USP6NL was associated with β-catenin, and regulated the ubiquitinylation of β-catenin in human CRC cells. Following the co-immunoprecipitation with a anti-USP6NL antibody and b anti-β-catenin antibody, the presence of USP6NL and β-catenin in HCT116 cells transfected with siUSP6NL was measured by Western blot. c The presence of β-catenin in siUSP6NL transfected HCT116 cells was immunoprecipitated and immunoblotted with β-catenin antibodies or anti-ubiquitin antibodies

Without Wnt, β-catenin can be degraded through the ubiquitination/proteasome pathway [17]. Presently, we examined if USP6NL controls β-catenin ubiquitination in HCT116 cells transfected with siUSP6NL. Our data suggested that the levels of ubiquitinated β-catenin were significantly enhanced in siUSP6NL when compared with siNC, (Fig. 4c), demonstrating that USP6NL may be a deubiquitinase that prevents β-catenin ubiquitination.

C-myc was the mechanism, by which USP6NL regulated CRC cell growth

To confirm that C-myc was the mechanism, by which USP6NL regulated cell growth, control vector/USP6NL overexpression transfected SW480 cells were treated with 100 μmol/l of 10058-F4 (a specific C-myc inhibitor). Our data suggested that 10058-F4 significantly reduced USP6NL mRNA and protein levels (Fig. 5a), and suppressed the activity of USP6NL promoter (Fig. 5b) when compared with vector, demonstrating the inhibited effect of 10058-F4 on USP6NL expression. Besides, in comparison to Vector/USP6NL treatment, 10058-F4 time-dependently inhibited cell proliferation (Fig. 5c), and induced a server cycle arrest in G0–G1 phase through enhancing cell counts in G0–G1 phase while inhibiting cell counts in S and G2–M phases (Fig. 5d). Given the roles of USP6NL in regulating C-myc and cell growth, we can conclude that USP6NL acted on C-my to regulate CRC cell growth.

Fig. 5
figure 5

USP6NL acted on C-myc to regulate CRC cell growth. USP6NL overexpression transfected SW480 cells were treated with of a C-myc inhibitor 10058-F4 (100 μmol/l).
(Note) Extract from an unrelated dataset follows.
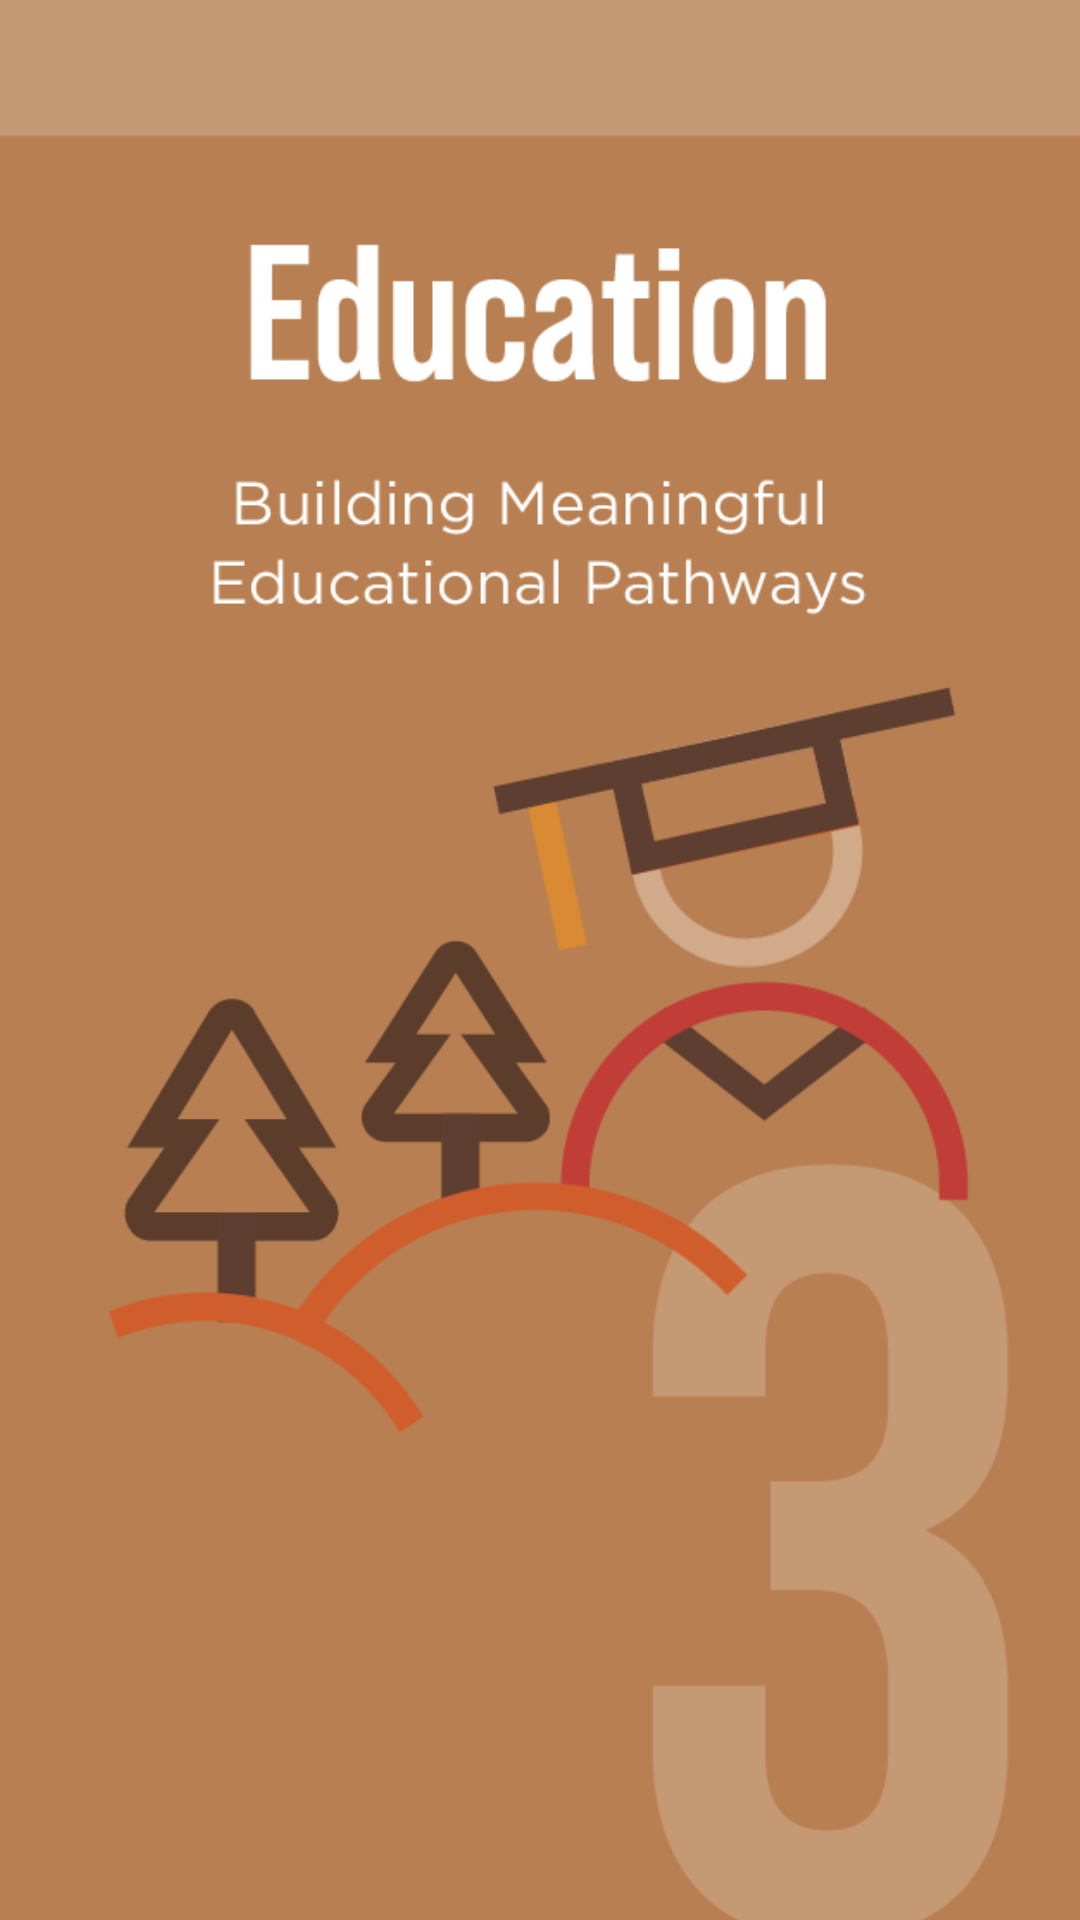 Education - building meaningful educational pathways
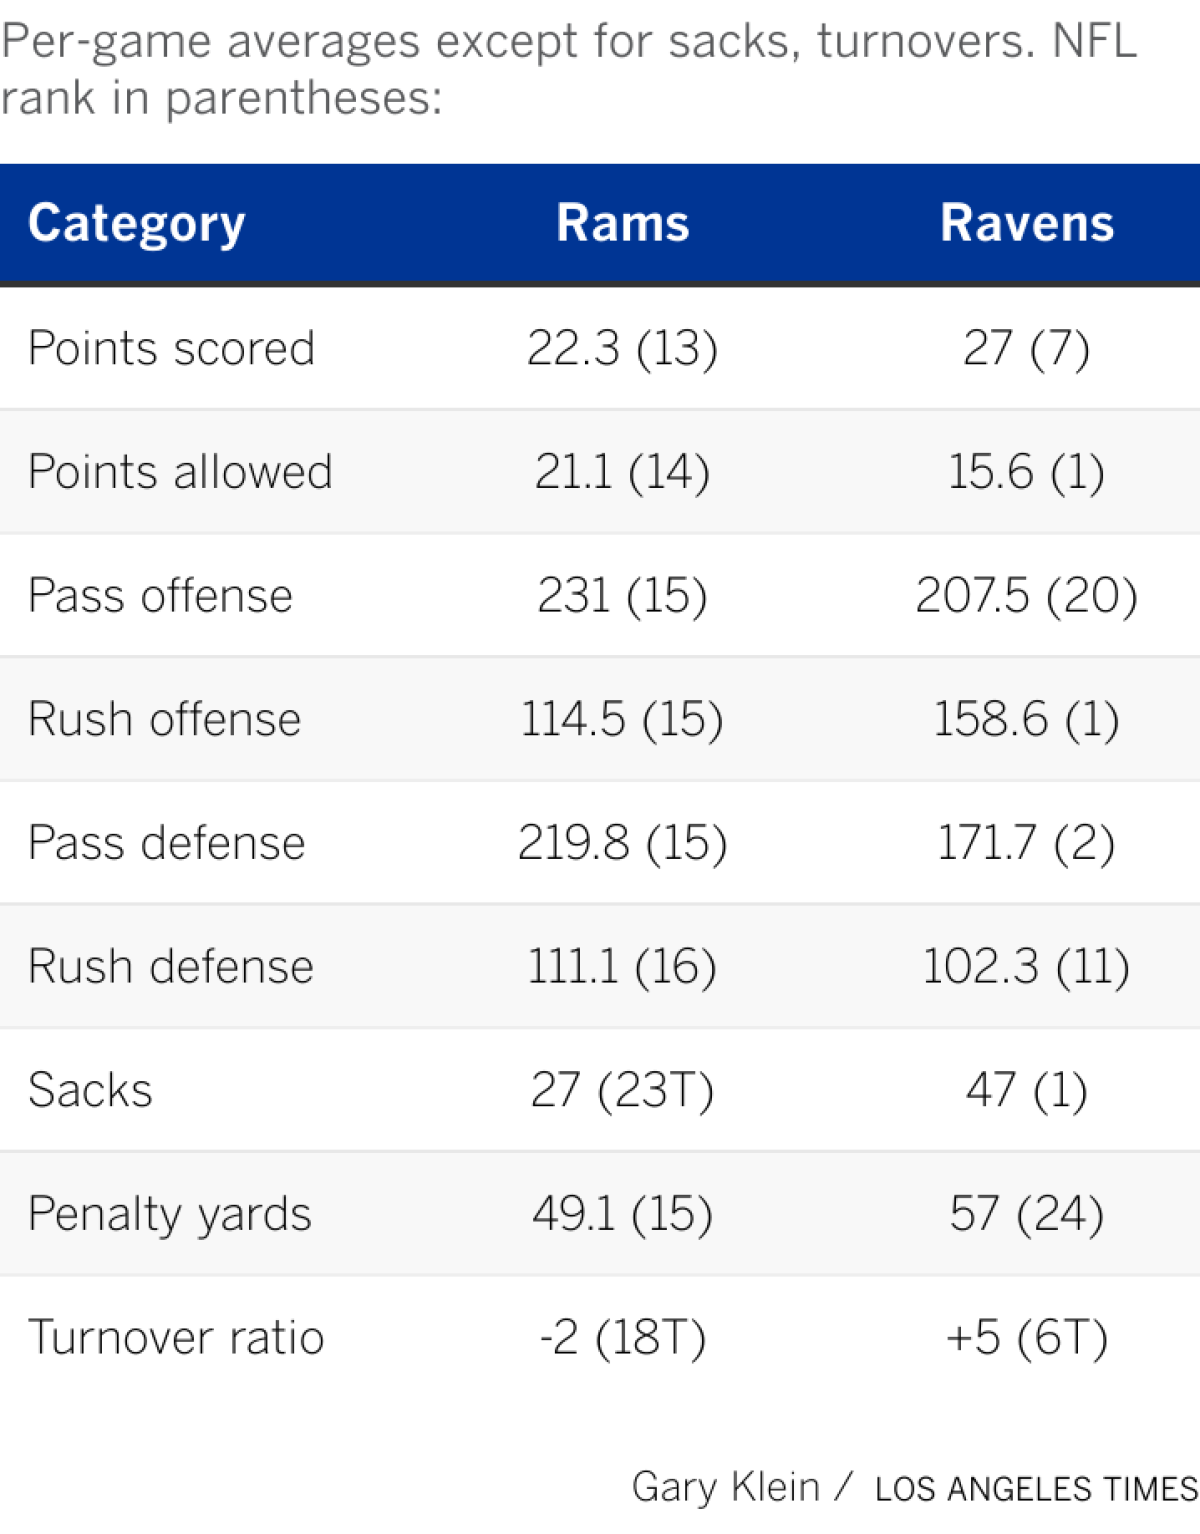 Breaking down the top team statistics for both the Rams and the Ravens.

Decreased a mRNA and protein levels and b reduced activity of USP6NL promoter (assessed using Dual luciferase report gene assay) in USP6NL overexpression transfected SW480 cells, suggested an inhibitory effect of 10058-F4 on USP6NL expression. c Cell proliferation and d cell cycle were assessed using CCK-8 method and flow cytometry, respectively. ##P < 0.01 vs. vector; &&P < 0.01 vs. vector + 10058-F4

Knockdown of USP6NL suppressed tumorigenicity of HCT116 cells in nude mice

After injection the nude mice with HCT116 cells transfected with siNC or siUSP6NL, tumor volume and weight were examined for 22 days, tumor apoptosis was measured using TUNEL reaction. Our data showed that siUSP6NL significantly inhibited tumor volume and tumor weight (Fig. 6a, b, all P < 0.01), promoted apoptosis in tumor tissue (Fig. 6c), reduced USP6NL, β-catenin, Cyclin D1 and C-myc while increased P27 when compared with siNC group (Fig. 6d), suggesting the involvement of USP6NL and its potential association with Wnt/β-catenin pathway and C-myc in CRC in vivo.

Fig. 6
figure 6

Knockdown of USP6NL inhibited tumorigenicity of HCT116 cells in a Xenograft model. Nude mice were subcutaneously injected with siNC/siUSP6NL transfected HCT116 cells (7 × 107 cells, 100 μl) (n = 6 in each group). a Tumor formation of mice and tumor volume (mm3) from 12th day to 33th day; b tumor weight (g) on 33th day; c apoptosis analysis in tumor using TUNEL technology (×200; d protein levels of USP6NL, β-catenin, Cyclin D1, C-myc and P27 in tumors; **P < 0.01 vs. siNC

Discussion

Ubiquitin-specific proteases (USPs), acting as deubiquitinating enzymes (DUBs), is emerging as the master regulator of tumor [10, 18,19,20,21]. In recent years, more and more evidence that the USPs family in oral malignant tumor, liver cancer, gastric cancer, breast cancer, colorectal cancer, and other abnormal expression in tumor [22]. In recent years, studies have found that USPs members USP4, USP7 and USP47 have been identified as β-catenin-specific deubiquitinylating enzyme [10,11,12]. As a member of the USP family, USP6NL plays an important role in the physiological process of the body [23, 24], and is closely related to Wnt/β-catenin signaling. Therefore, we propose whether USP6NL is involved in colorectal cancer cell proliferation and metastasis through Wnt/β-catenin signaling. At present, there are few studies on the role of USP6NL in CRC. Whether and how USP6NL acted on Wnt/β-catenin signaling pathway in CRC remained extremely poor requires further exploration.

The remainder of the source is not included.